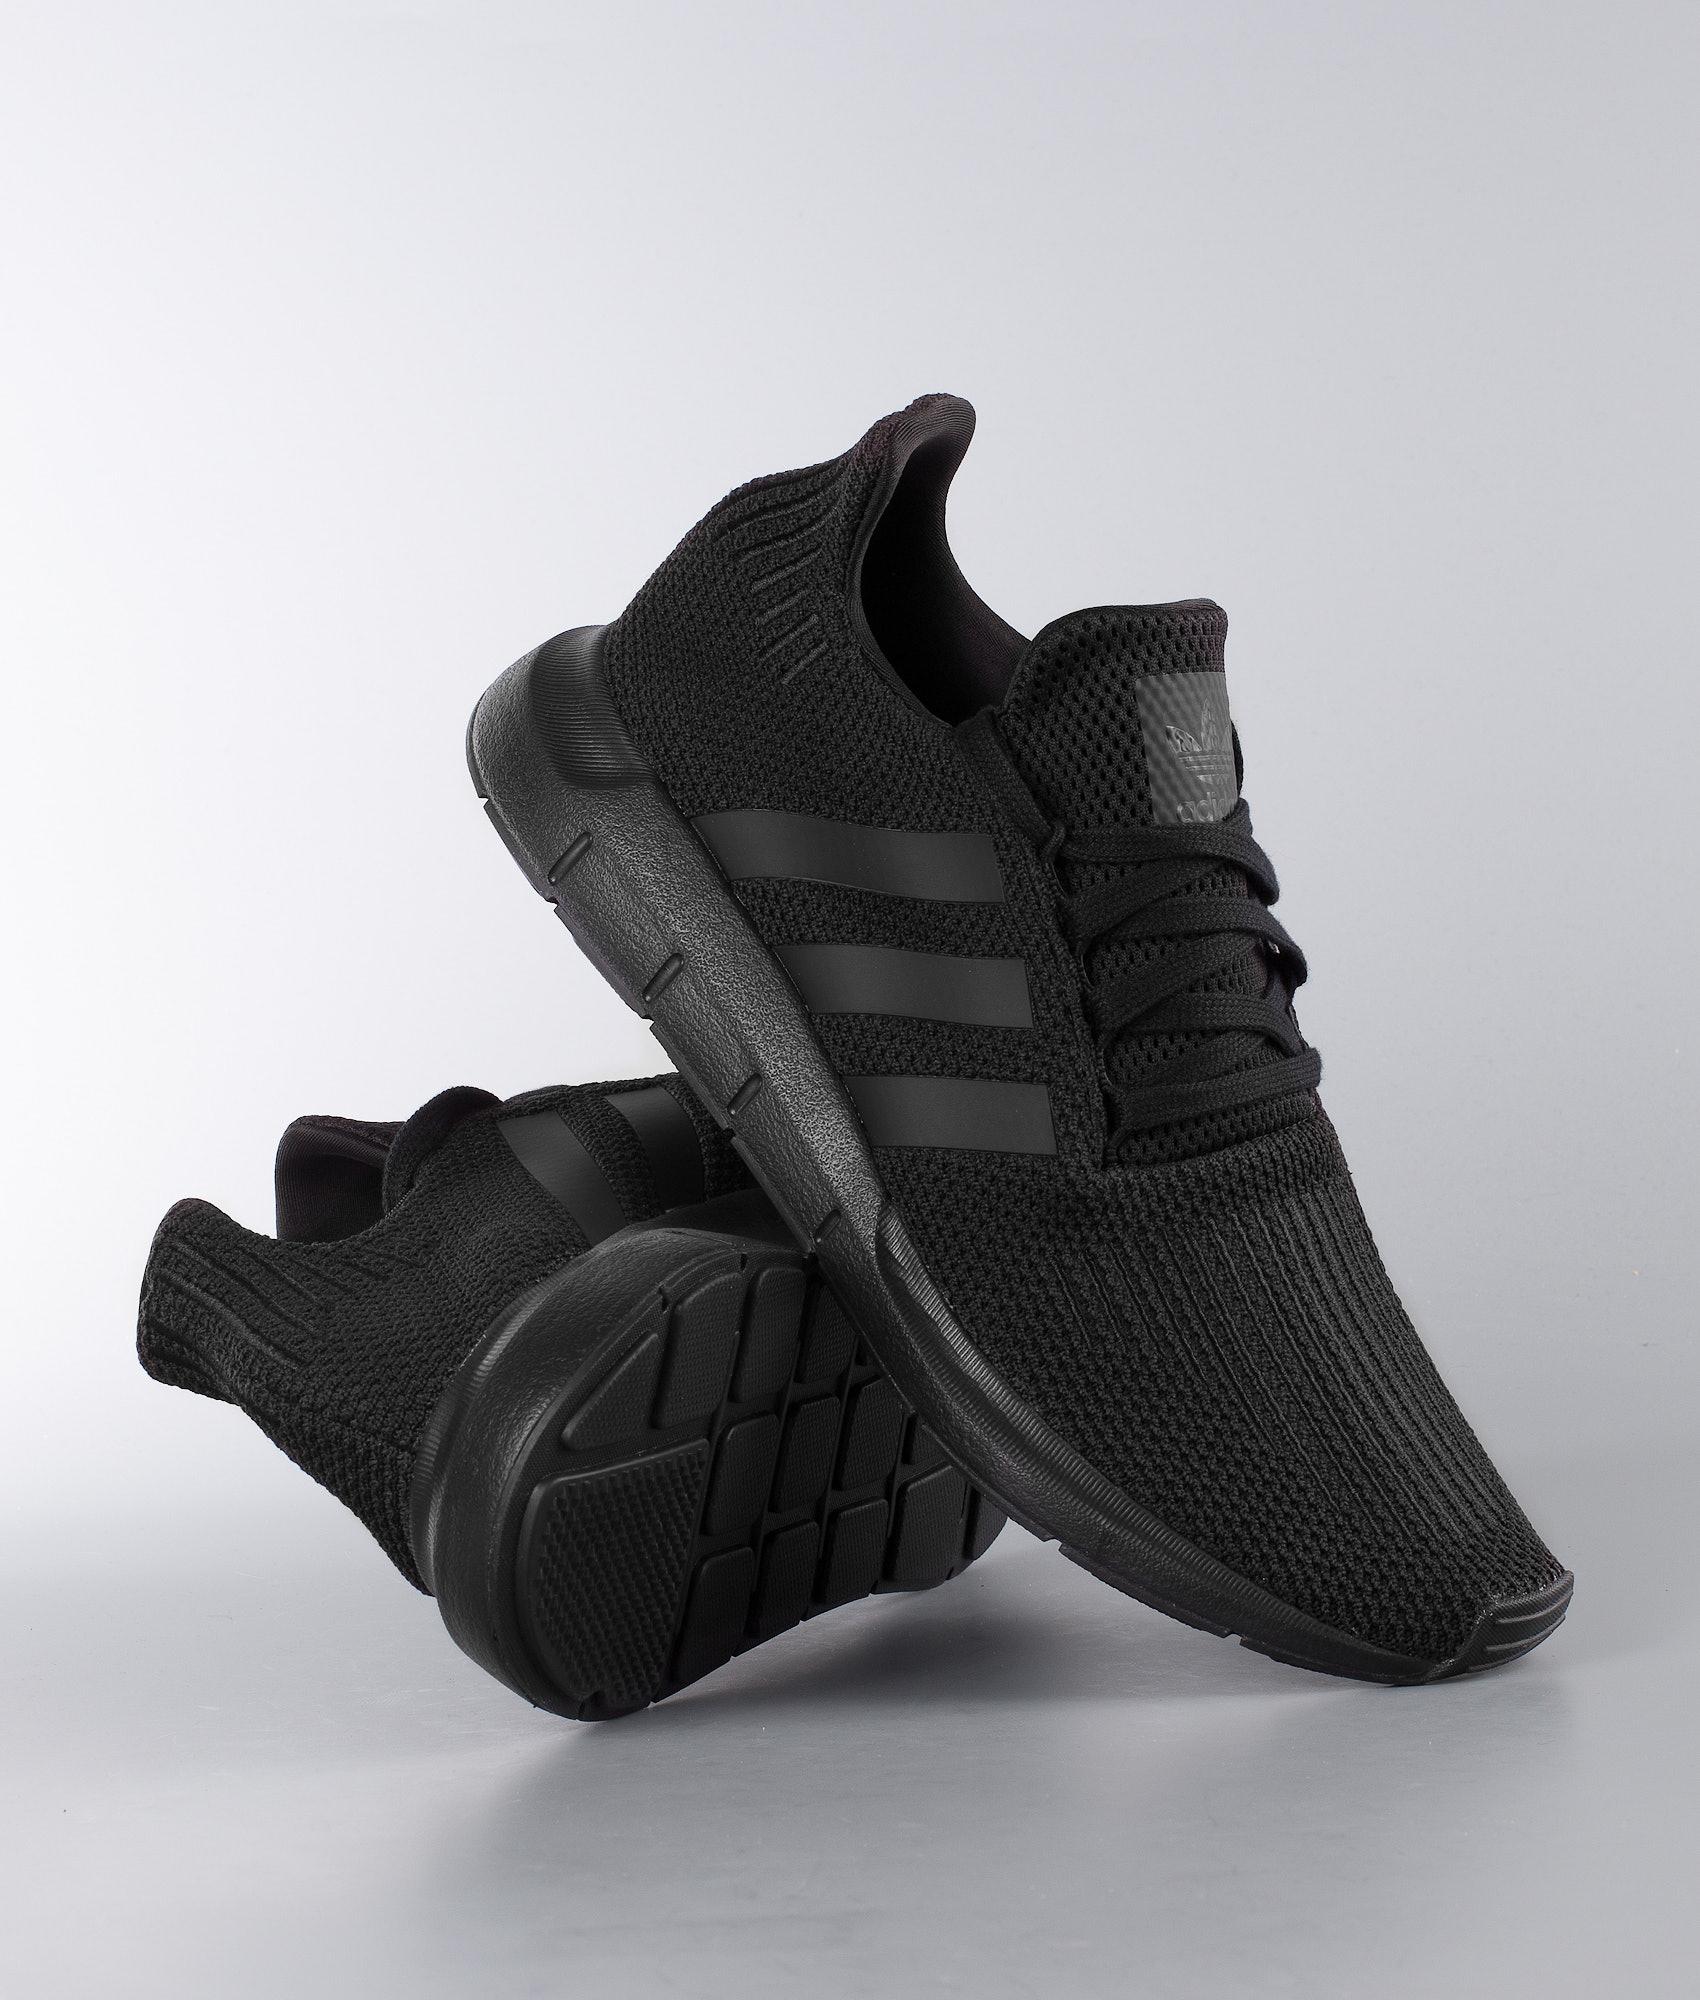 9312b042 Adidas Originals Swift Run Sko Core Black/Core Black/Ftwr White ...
______________________________
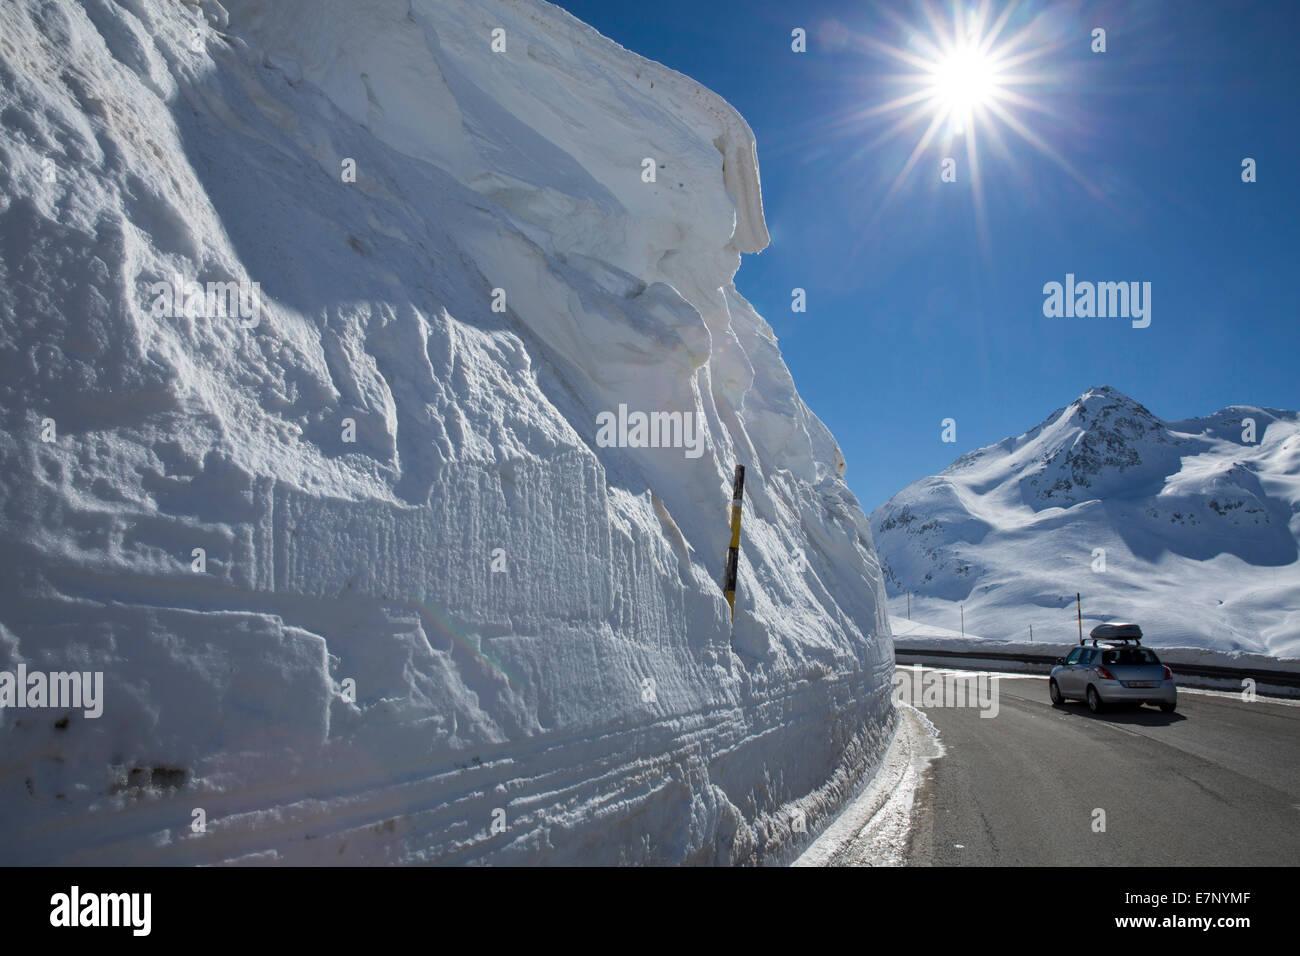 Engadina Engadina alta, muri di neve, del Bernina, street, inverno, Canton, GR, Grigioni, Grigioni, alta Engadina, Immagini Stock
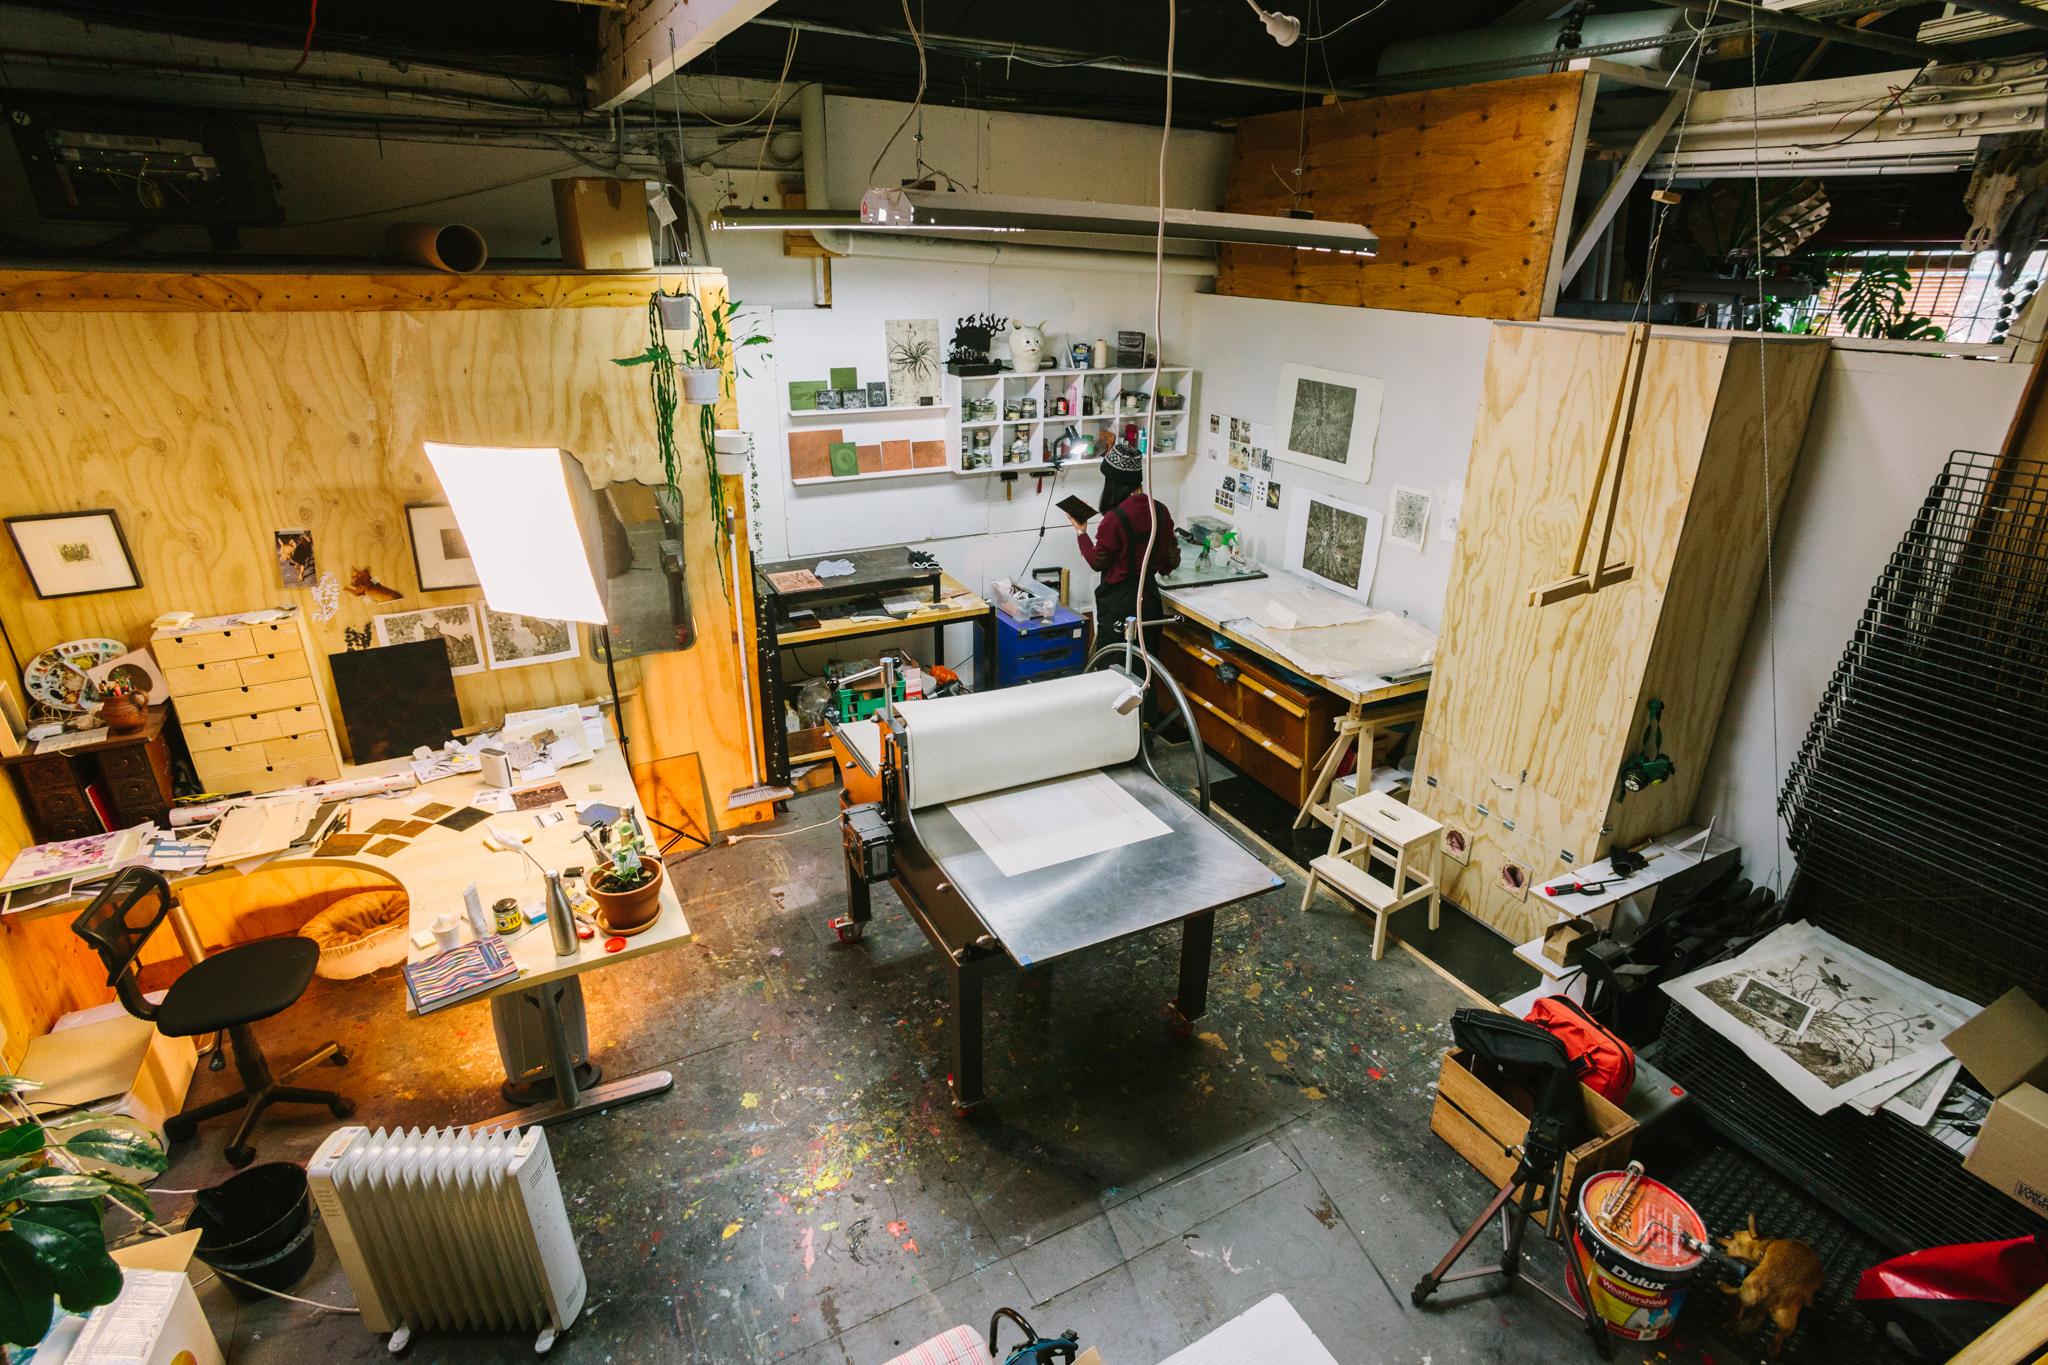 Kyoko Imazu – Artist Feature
______________________________
* _What is required_: From the material above, reproduce only what runs from the line holding "Engadina Engadina alta, muri" down to the line holding "Kyoko Imazu – Artist Feature", both included, pictures excluded.

* _Result_:
 Engadina Engadina alta, muri di neve, del Bernina, street, inverno, Canton, GR, Grigioni, Grigioni, alta Engadina, Immagini Stock
 Kyoko Imazu – Artist Feature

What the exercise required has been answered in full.